Re: [PATCH] printk/console: Check consistent sequence number when handling race in console_unlock()

From: Sergey Senozhatsky
Date: Tue Jun 29 2021 - 11:42:23 EST


On (21/06/29 16:33), Petr Mladek wrote:
> The standard printk() tries to flush the message to the console
> immediately. It tries to take the console lock. If the lock is
> already taken then the current owner is responsible for flushing
> even the new message.
>
> There is a small race window between checking whether a new message is
> available and releasing the console lock. It is solved by re-checking
> the state after releasing the console lock.
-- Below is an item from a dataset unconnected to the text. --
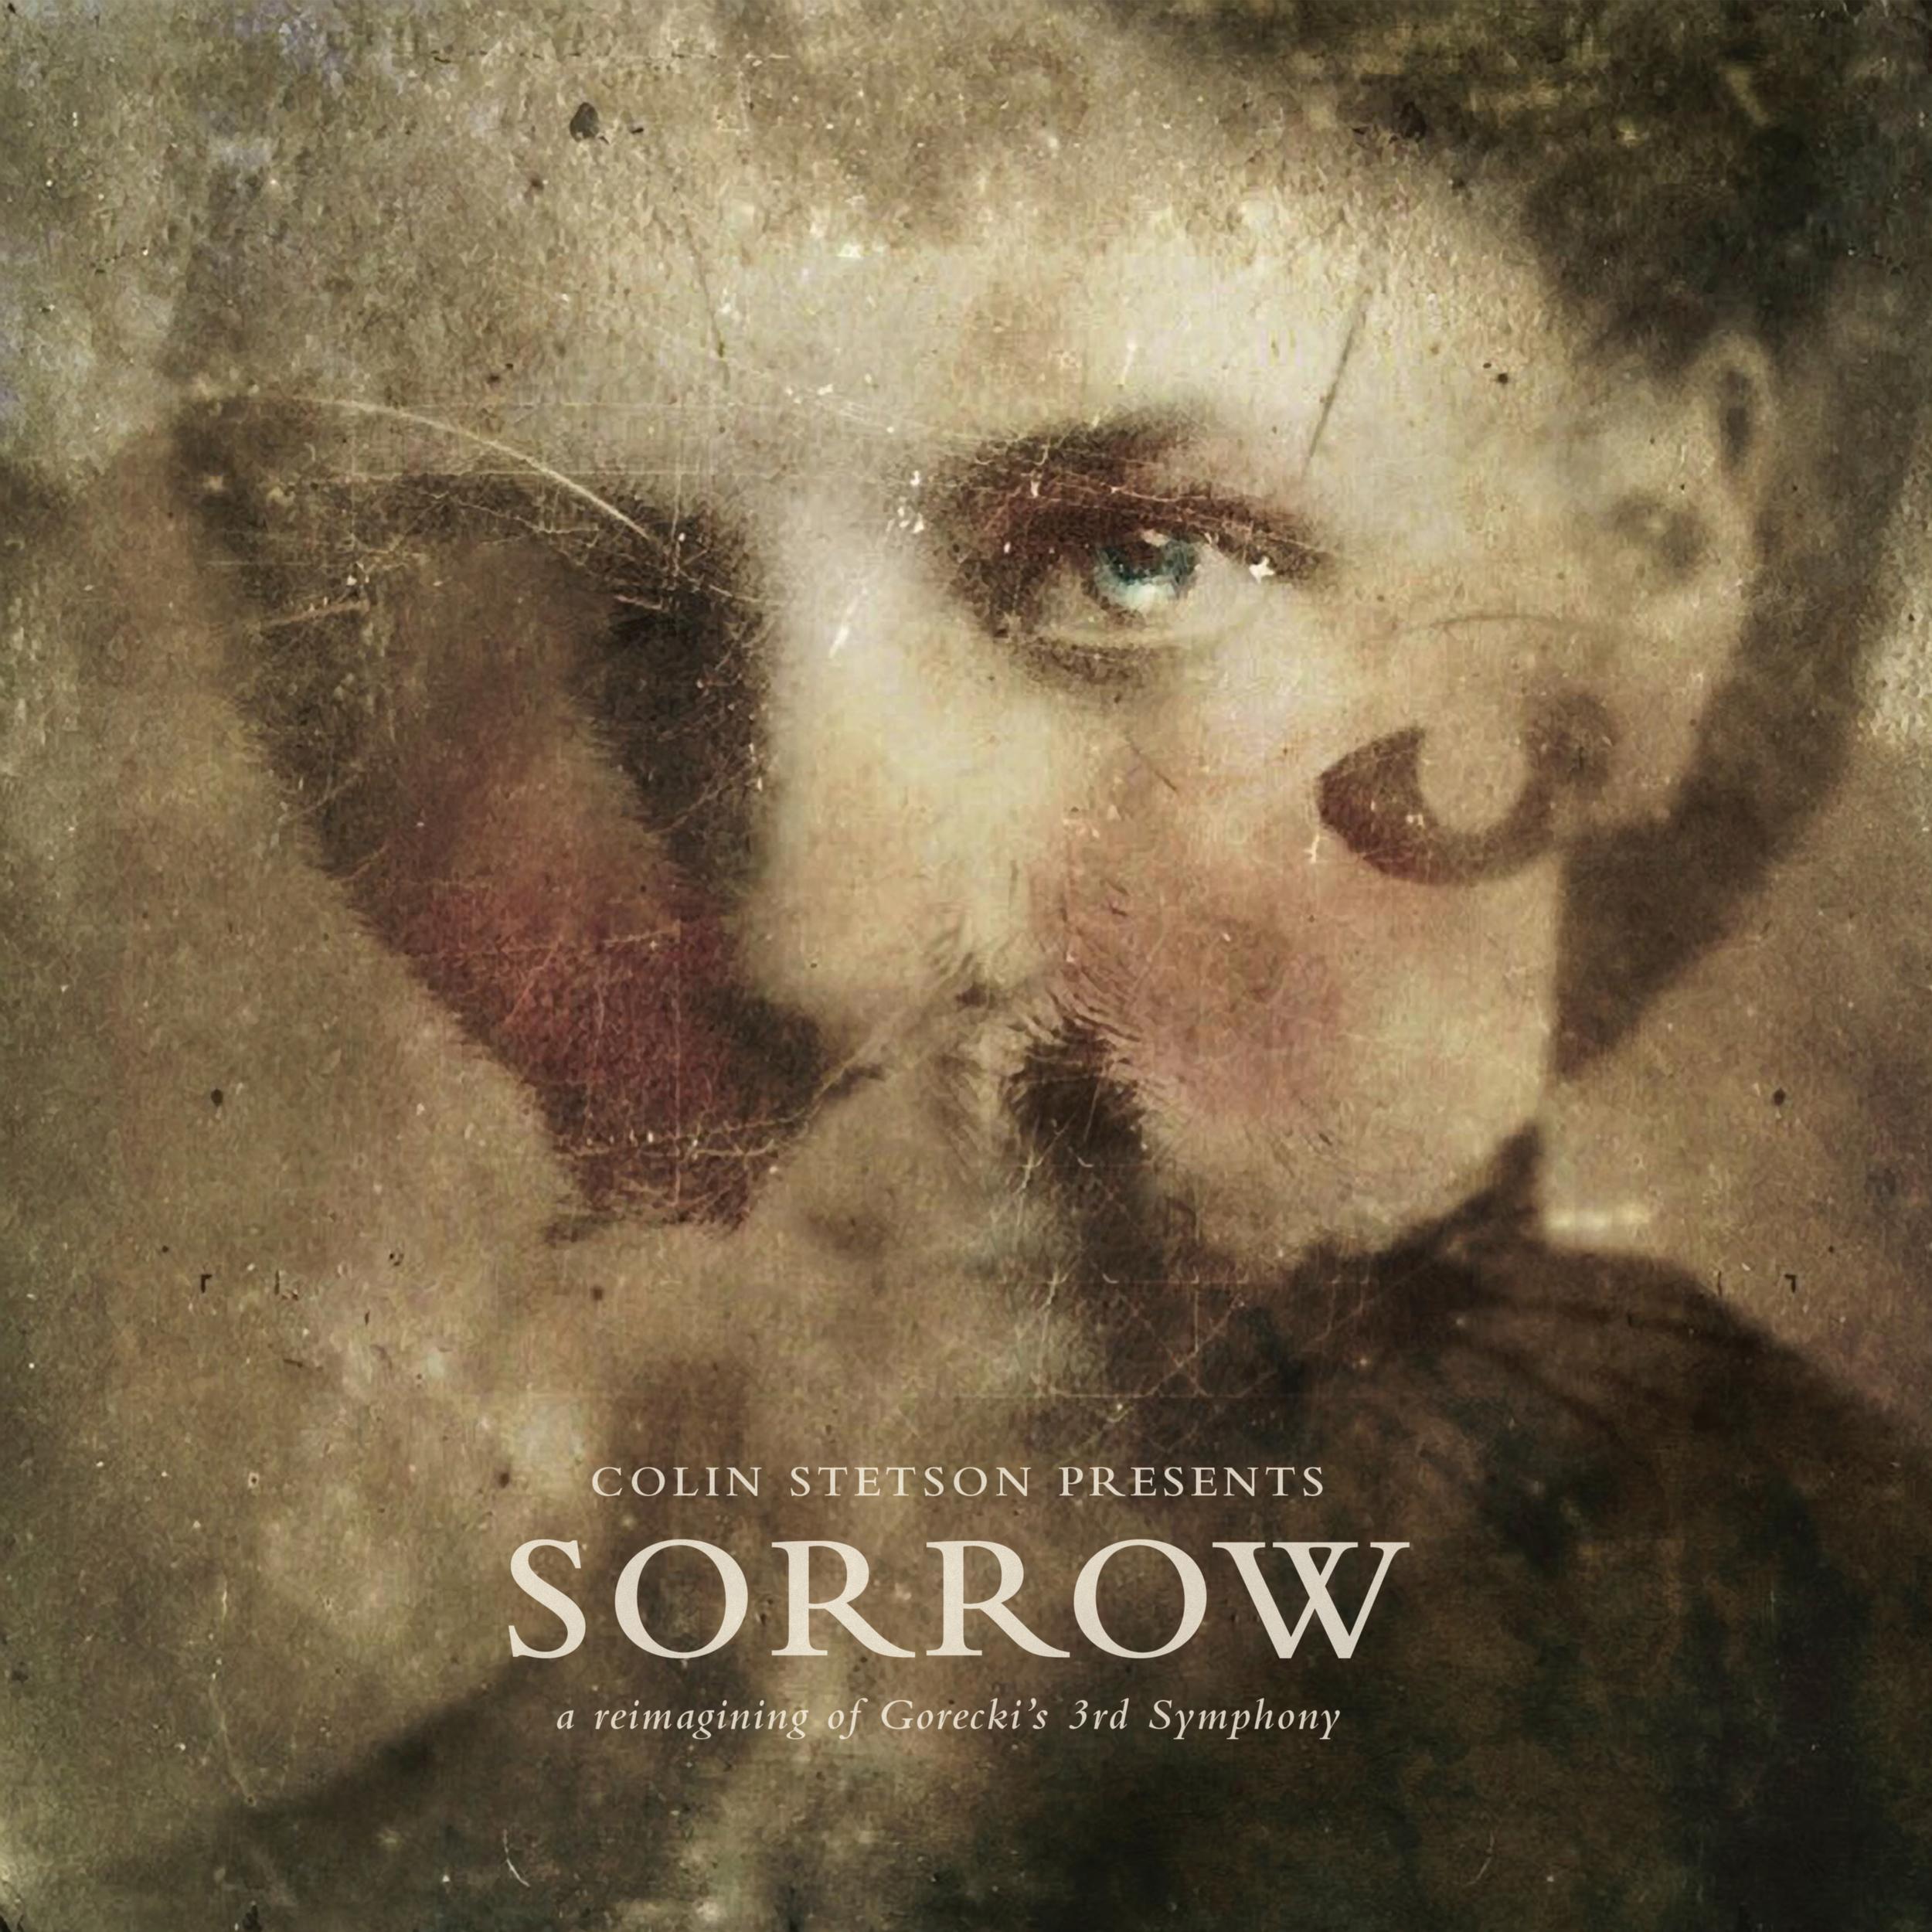 Colin Stetson | Sorrow | 2016

If the check is positive
> then console_unlock() tries to take the lock again and process the new
> message as well.
[..]
> diff --git a/kernel/printk/printk.c b/kernel/printk/printk.c
> index 142a58d124d9..87411084075e 100644
> --- a/kernel/printk/printk.c
> +++ b/kernel/printk/printk.c
> @@ -2545,6 +2545,7 @@ void console_unlock(void)
> bool do_cond_resched, retry;
> struct printk_info info;
> struct printk_record r;
> + u64 next_seq;
>
> if (console_suspended) {
> up_console_sem();
> @@ -2654,8 +2655,10 @@ void console_unlock(void)
> cond_resched();
> }
>
> - console_locked = 0;
> + /* Get consistent value of the next-to-be-used sequence number. */
> + next_seq = console_seq;
>
> + console_locked = 0;
> up_console_sem();
>
> /*
> @@ -2664,7 +2667,7 @@ void console_unlock(void)
> * there's a new owner and the console_unlock() from them will do the
> * flush, no worries.
> */
> - retry = prb_read_valid(prb, console_seq, NULL);
> + retry = prb_read_valid(prb, next_seq, NULL);
> printk_safe_exit_irqrestore(flags);
>
> if (retry && console_trylock())

Maybe it's too late here in my time zone, but what are the consequences
of this race?

`retry` can be falsely set, console_trylock() does not spin on owner,
so the context that just released the lock can grab it again only if
it's unlocked. For the context that just has released the console_sem
and then acquired it again, because of the race, - console_seq will be
valid after it acquires the lock, then it'll jump to `retry` and
re-validated the console_seq - prb_read_valid(). If it's valid, it'll
print the message; and should another CPU printk that CPU will spin on
owner and then the current console_sem owner will yield to it via
console_lock_spinning branch.

One way or the other, good catch and nice to have it fixed.

Acked-by: Sergey Senozhatsky <senozhatsky@xxxxxxxxxxxx>